The idea is to generate U(0,1) numbers, random bit strings and random integers uniformly distributed, through a simple interface. I believe that the standard distributions and stochastic process are meant to be applications that use a random number generator and we can't create dependencies between random number generator and any other particular algorithm or implementation.

The module also has a class called Rng. The Rng's constructor accepts an optional parameter named seed and has the same interface of the quickndirty module, in fact, the module wraps a static instance of Rng class.

Why quickndirty?

The main motivation is: create a (pseudo) random number generator that is extremely quick and works fine for most problems. This generator has a period of 2^32 and there is no mod operation because it uses the 32-bits overflow. So, only one 32-bit integer multiplication is done to generate random numbers. I know that this implementation is not portable to 64-bit platforms, but it's good enough for 32-bits platforms.

Examples

Here we have some statistical tests (quantitative and qualitative), in order to show that quickndirty is well performed and reliable.

K-S test

K-S test is a well known goodness of fit test that compares the U(0,1) cumulative distribution with the empirical one generated with a pseudo random number generator, particularly, quickndirty.

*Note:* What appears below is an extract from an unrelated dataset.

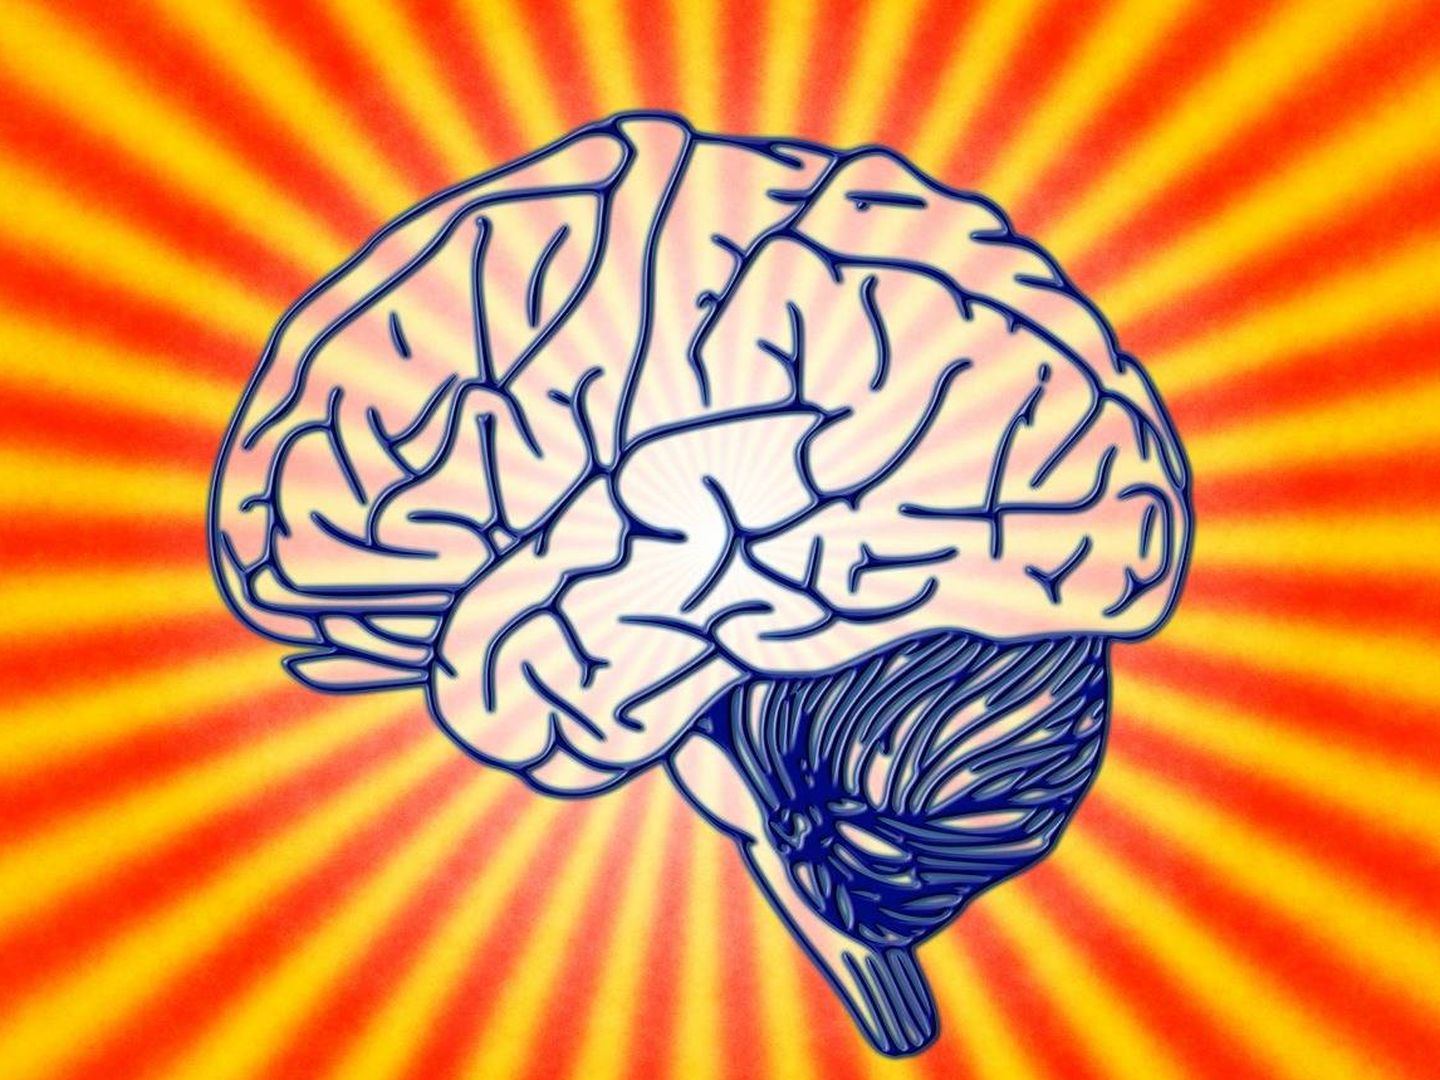 La ciencia aún no comprende cómo funciona la memoria en el cerebro (Foto: Pixabay)

For our purposes, F_i is the theoretical cumulative distribution of a random variable U(0,1)

F_i = \int_{0}^{x_i}dx = x_i

where 0 \lt x_i \lt 1. The U_i is the simulated cumulative distribution of a uniformly distributed random variable

U_i = \frac{1}{N}\sum_{j=1}^{N}I_{X_j \leq x_i}

The subscript i represents any discrete bin.

We take the measure

KS = \max_i(|F_i - U_i|)

that we call K-S measure and as smaller (close to zero) it is, means that the random sample, that we have generated with quickndirty, has its origins in a uniform distribution.

import quickndirty as qnd
from scipy import zeros, arange, array

n = 100  # sample's size

rng = qnd.Rng()
random = rng.random
u = zeros(n+2)
u[n+1] = 1.0
for i in xrange(n):
    u[i+1] = random()

u.sort()

X = []
F = []
for x in arange(0, 1, 0.002):
    X.append(x)
    for i in xrange(len(u)):
        if x >= u[i] and x < u[i+1]:
            F.append(i/float(n))
            break
            
X = array(X)
F = array(F)
ks = max(abs(F-X))

print 'K-S Test =', ks

Chi-square test

Chi-square test is another goodness of fit test.

n = 100  # sample's size
k = 20   # number of bins

import random
import quickndirty as qnd
from scipy.stats import chisquare
from scipy import ones, zeros

rng = qnd.Rng()

p_obs = zeros(k)
for j in xrange(n):
    u = rng.random()
    for i in xrange(k):
        if u >= i/float(k) and u < (i+1)/float(k):
            p_obs[i] += 1/float(n)
            break

p_exp = ones(k)*k/float(n)
chisq, p_value = chisquare(p_obs, p_exp)
print "sample's chi-square value =", chisq
print "sample's p-value          =", p_value

Variance law

The variance law is not a strict law, in practice, it's a consequence of the Weak Law of Large Numbers that states that:

Var(X) = \frac{\sigma^2}{n}

where Var(X) is the empirical variance, \sigma^2 is the theoretical variance and n is the sample size. As the theoretical variance is constant we get the following scaling law:

Var(X) \propto n^{-1}

We have sampled n random integers between 0 and 127 to fulfill 128 bins. Each bin have an average value

X_i = \frac{C_i}{n}

where Ci is the number of items inside each bin. So Var(X) is the variance of the Xi sample.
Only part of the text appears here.